Time for a code golf contest? Been a while we did that. Thought that'd be fun while I'm busy with other stuff. If you don't remember what it is, I give you a task and you try to write a program that is the shortest you can do. Standard rules apply, you can find them on Stack Overflow. If in doubt, like how to count the size of your entry, just ask me or anyone familiar with the previous contests we did before.

So yeah, this one revolves around Pythagorean triplets. If you don't know what it is either, it's any set of integers (a,b,c) that solves the formula a2 + b2 = c2. So if you take a point on a plane, say (3,4), it should be at a distance 5 from the origin (0,0).
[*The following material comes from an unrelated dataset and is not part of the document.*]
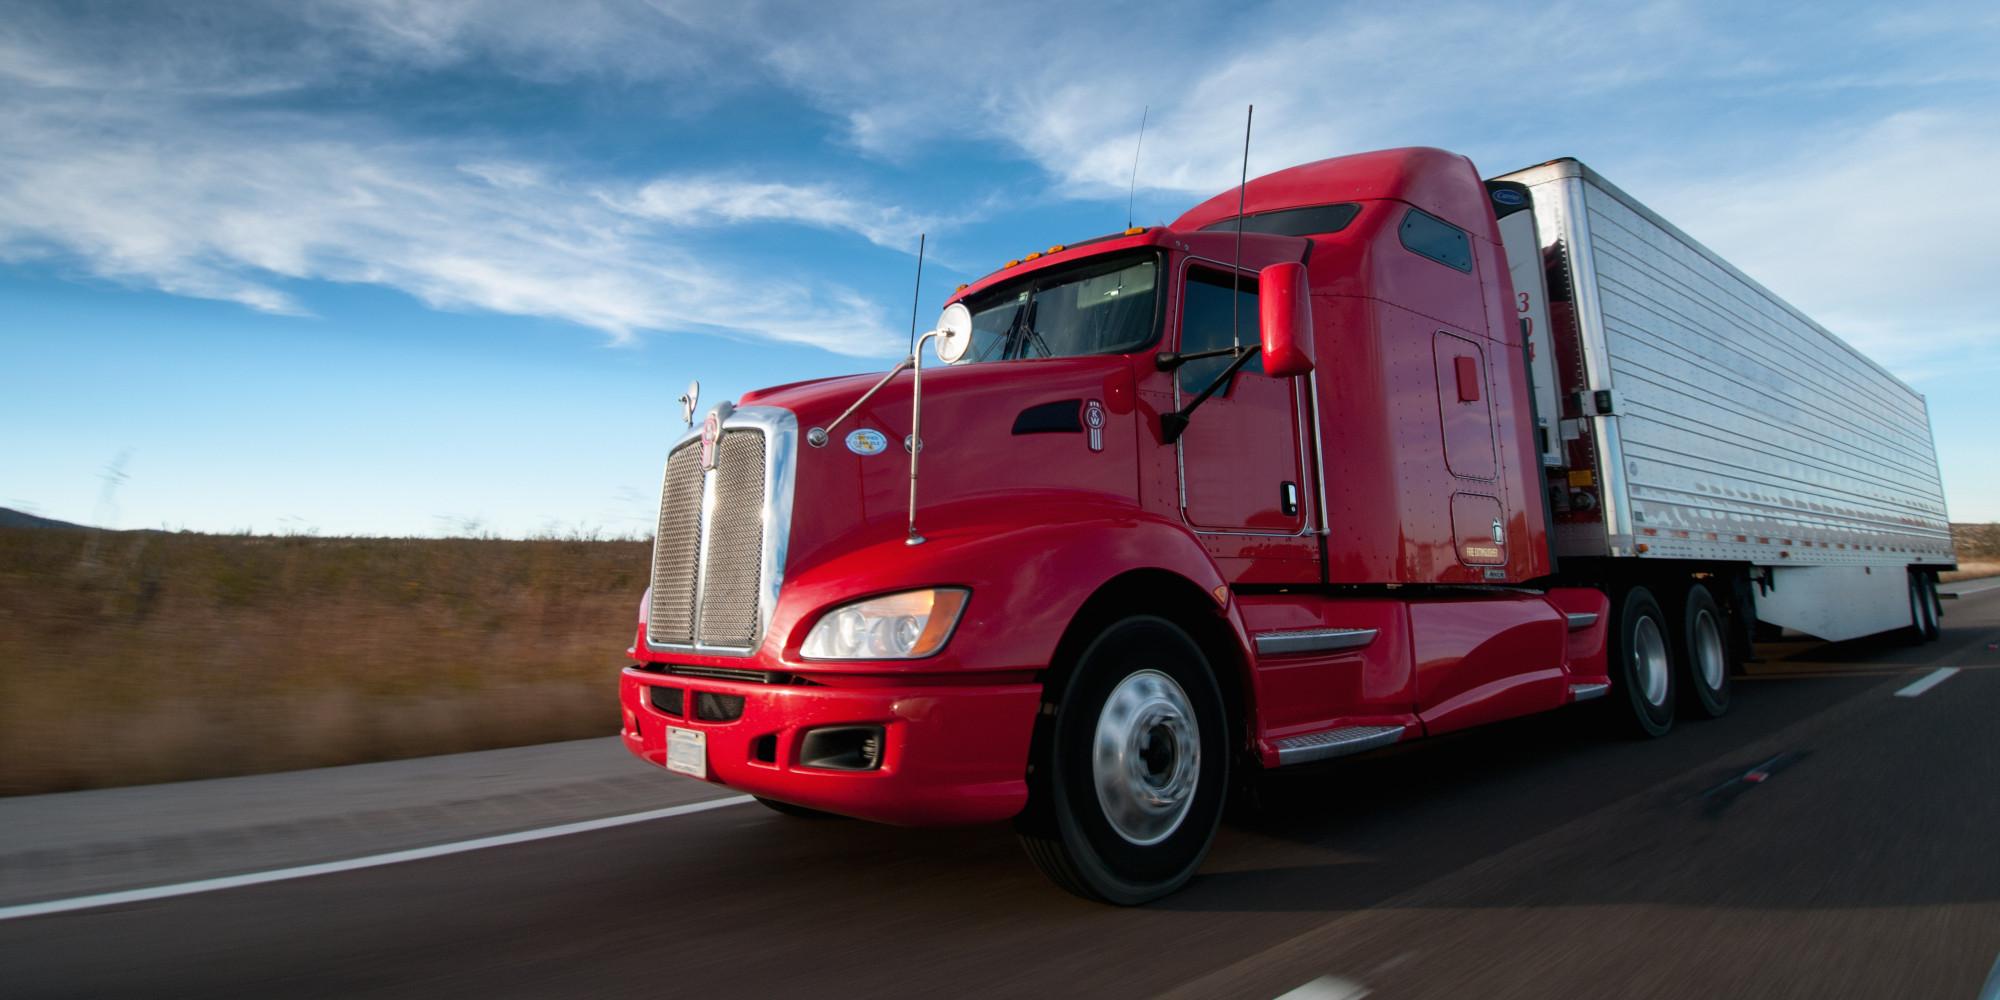 Heavy Duty Semi Truck Wallpaper   HD Wallpapers 2000x1000
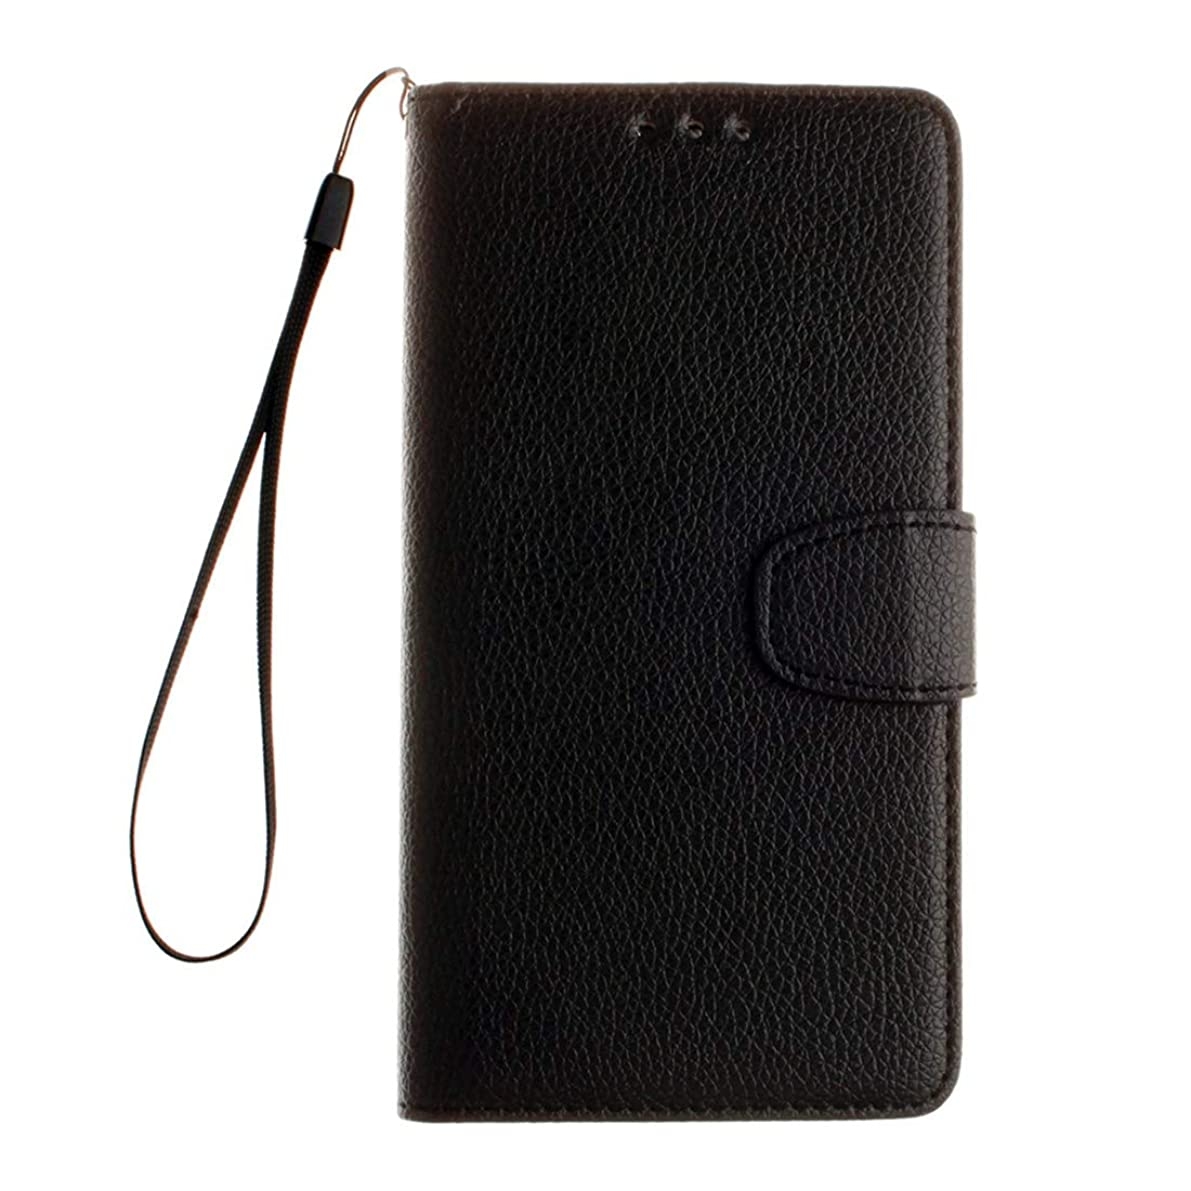 国松明失効Motorola Moto G4&G4 Plus Litchi Texture水平フリップレザーケースホルダー&カードスロット&ウォレット&フォトフレーム&ストラップ付き(ブラック) Lianz (色 : Black)

Same for (4,3). The point (3,5), though, is at a distance √34 from the origin, which is not an integer and therefore not Pythagorean.

So your task is, you are given a monochrome graphic screen (96x64 on a TI-83+, but could be anything big enough we can see something) with the origin (0,0) in a corner (usually upper left, but could be lower left) and you must turn on every pixel (a,b) that verifies a2 + b2 = c2 with a, b and c being integers, with the rest must be off. Don't miss one! I know there's a bunch of clever tricks to do that, so be creative.

Bonus task: Write another program that counts how many pixels are on this way for any width and height given as inputs.

Send the source code either in this thread on in PM to me before September 1st, 23:59:59 EST. and make it clear whether the codes you send are for the main task or the bonus one. There's nothing at stake other than the honor, feel free to help each other and have fun!

Standings

Main task

UserLanguageBytes
@SnektronShaderToy50
@JujuRuby60

Bonus task

UserLanguageBytes
@JujuRuby52

* Entries must be valid and verified before showing up in this table.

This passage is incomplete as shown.